Deferred Compensation Plans & Agreements

Owners of many businesses, both large and small, often want to provide for themselves or certain of their key employees. However, money is not always readily available, and businesses are not always capable of sustaining a gratuitous disposition of stock. Moreover, making such distributions can result in a much higher amount of taxable income for the individual, the business, or both. For these reasons, a Deferred Compensation Plan or Agreement may be just the right fit.

Business owners and employers know the value of keeping their key employees happy, and one way to keep someone happy is to give them more money. If the business has enough assets and no real future need for the excess capital, then paying out bonuses or raising salaries is a quick and easy option. Another more traditional method was to provide the key employees with stock or stock options, but giving an individual stock in the business makes them a part owner in the operation.

Deferred Compensation is a tool to keep key employees happy by giving them the opportunity to accrue bonus pay or stock options without having to give it to them right now. By waiting, the business can have more time to accumulate the capital needed to pay the bonus or delay the point in time that a key employee becomes an owner of the business. Most importantly, deferment may provide the recipient with the ability to lessen their taxable income and therein make more money off the same bonus. In other words, Deferred Compensation has the potential to be worth more money than ordinary compensation.

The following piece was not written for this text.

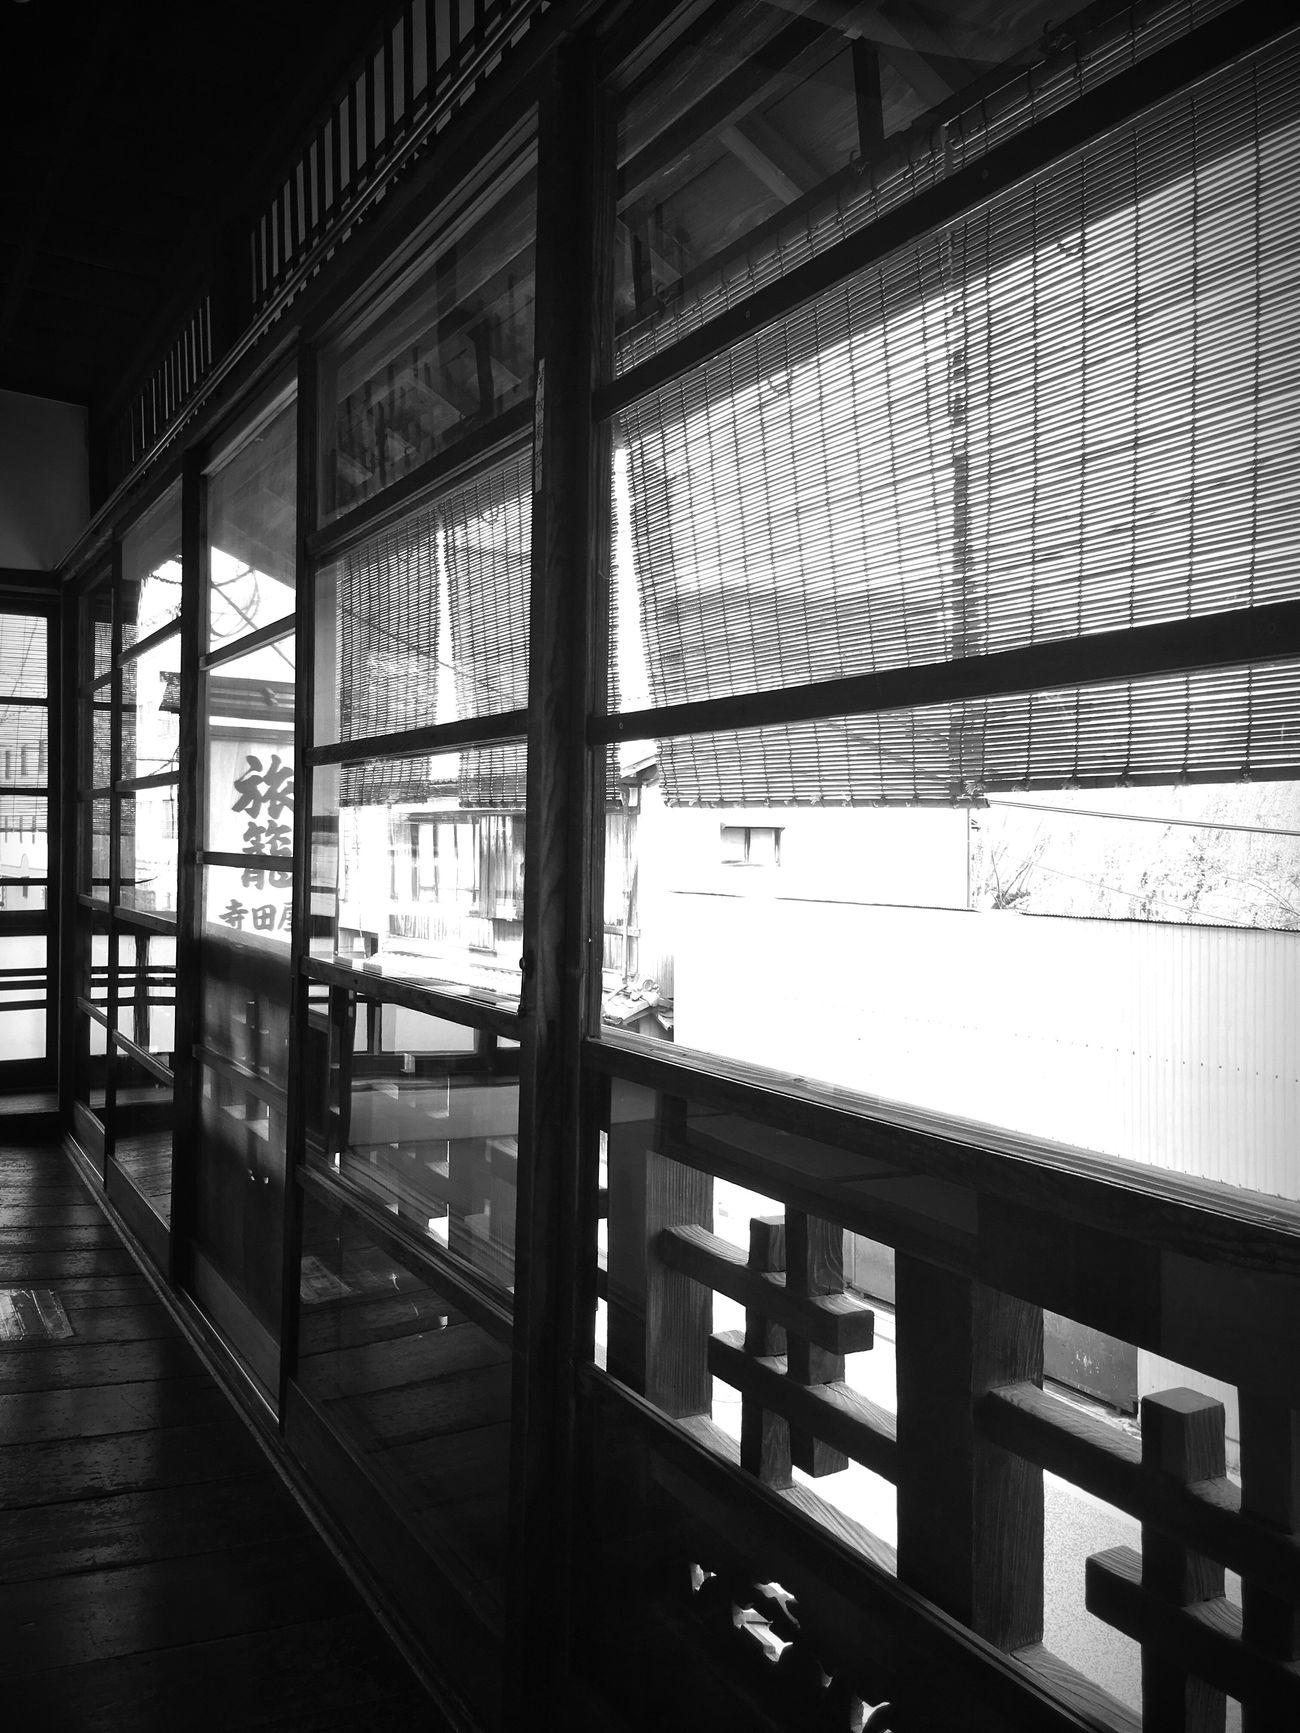 Historic Kyoto Japan Sakamoto Ryoma Terada-ya 坂本龍馬 寺田屋 Monochrome This place is tastefully laid out.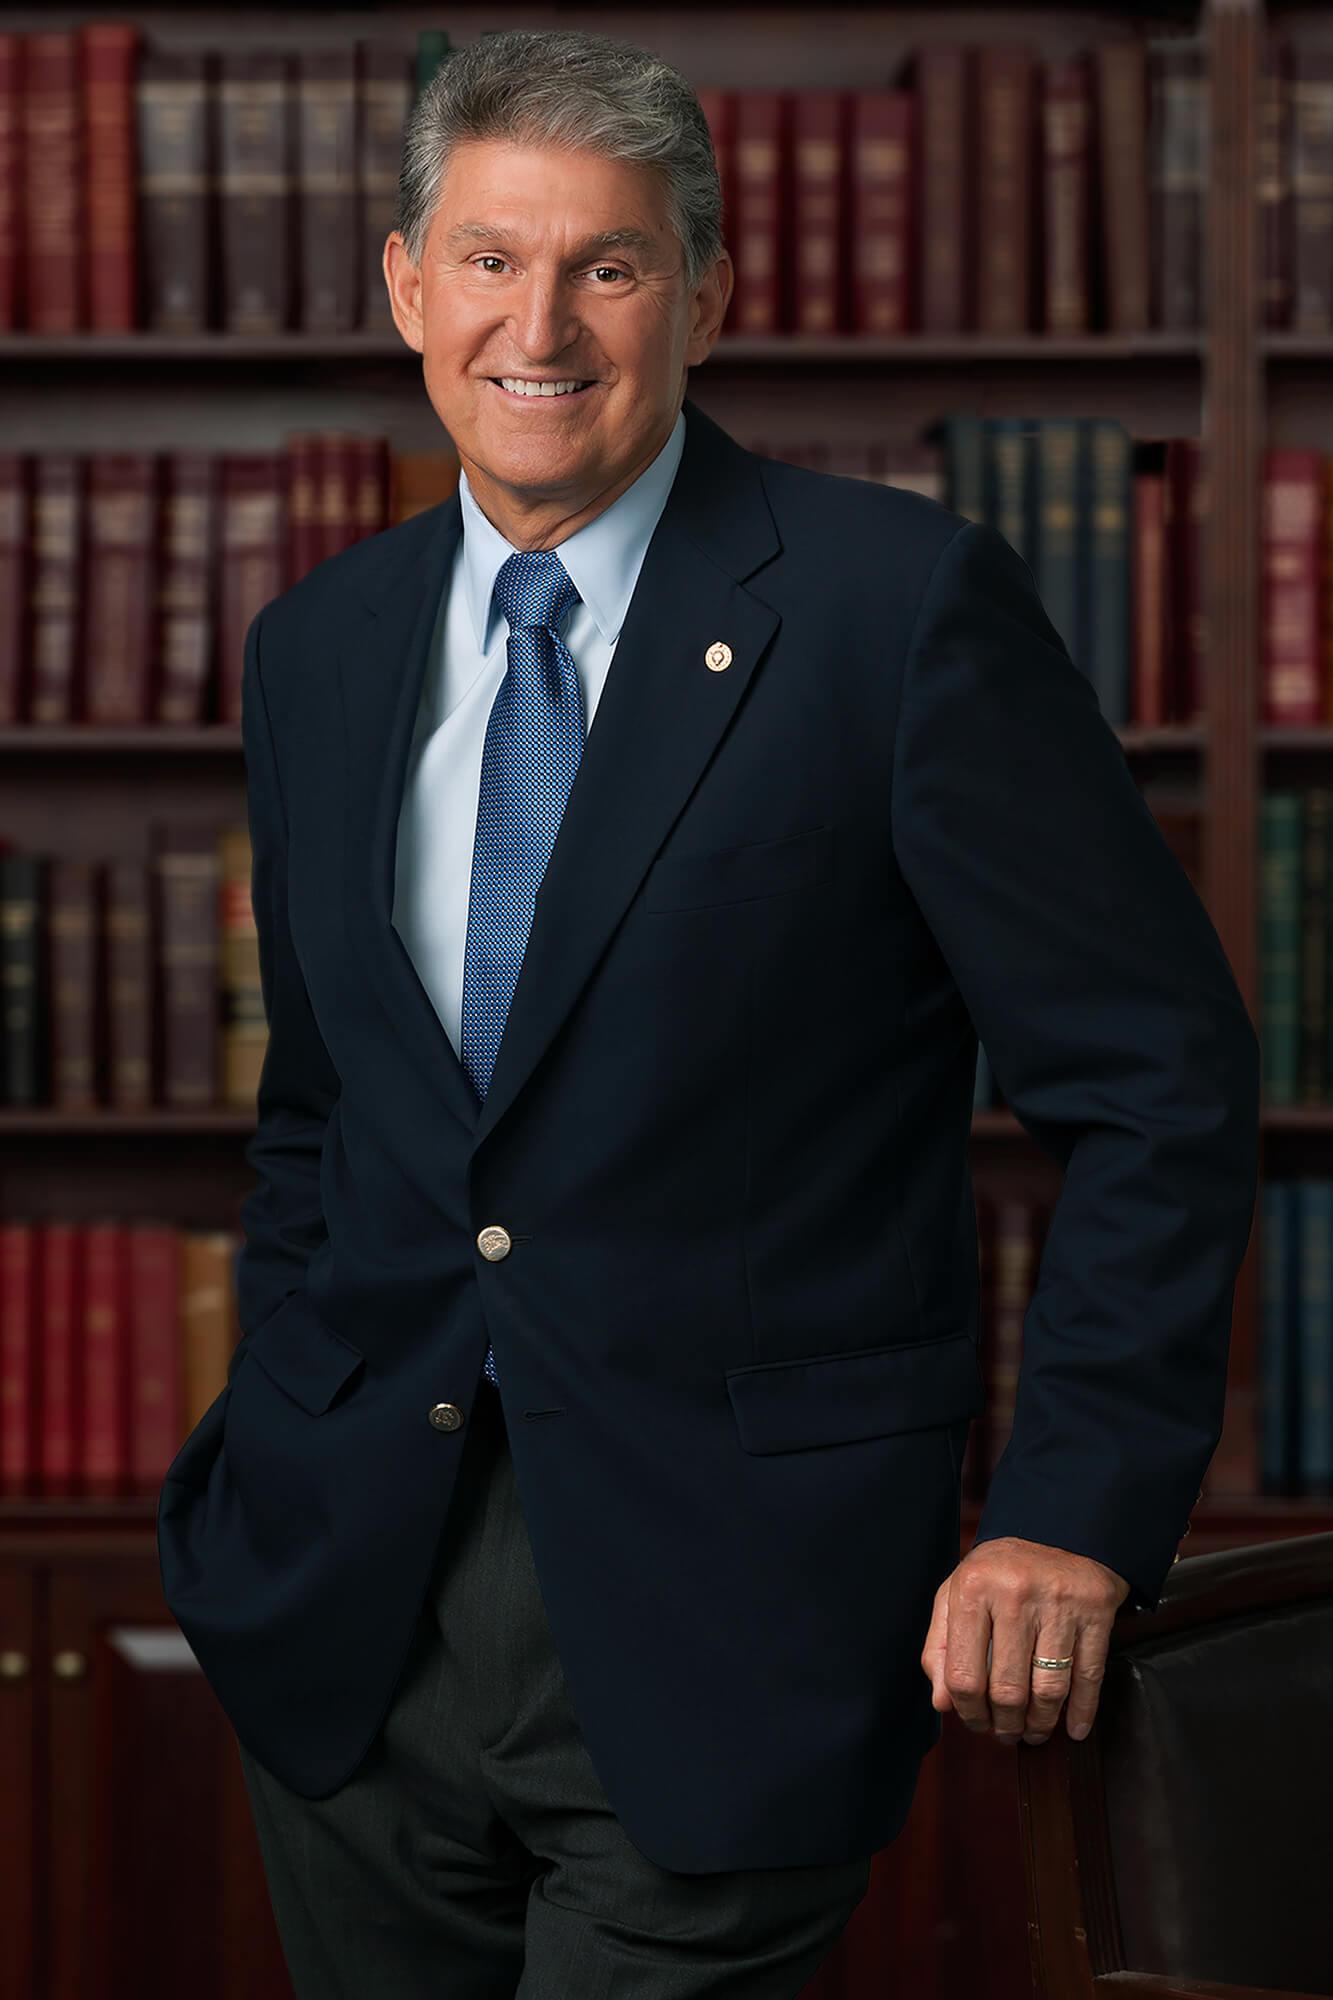 Sen. Joe Manchin (D-W.Va.)

For example, in 2001 the highest tax rate was 39.1%, in 2005 that rate was 37.6%, and by 2010 the tax rate will be 35%. If a business wanted to pay a key employee a $100,000 bonus in 2001, that employee’s net after tax return on that bonus would be about $61,000. If the employee then invested in some bonds that paid 4.5%, by 2005 they would have about $72,750, and by 2010 they would have about $90,660. That is not bad, but Deferred Compensation can do better.

Assuming that the same interest rate is applied to the money and it is deferred in payment until 2005, the individual would now receive $74,410, a difference of about $1,500. By 2010, money that was deferred until 2005 would be worth $92,730. Finally, if the compensation is deferred until 2010 the individual would receive about $96,600, nearly $6,000 more than if it were paid in 2001 and $4,000 more than if paid in 2005. These numbers are by no means guaranteed to be the maximum or the minimum return, but they can illustrate the possible advantages to Deferred Compensation.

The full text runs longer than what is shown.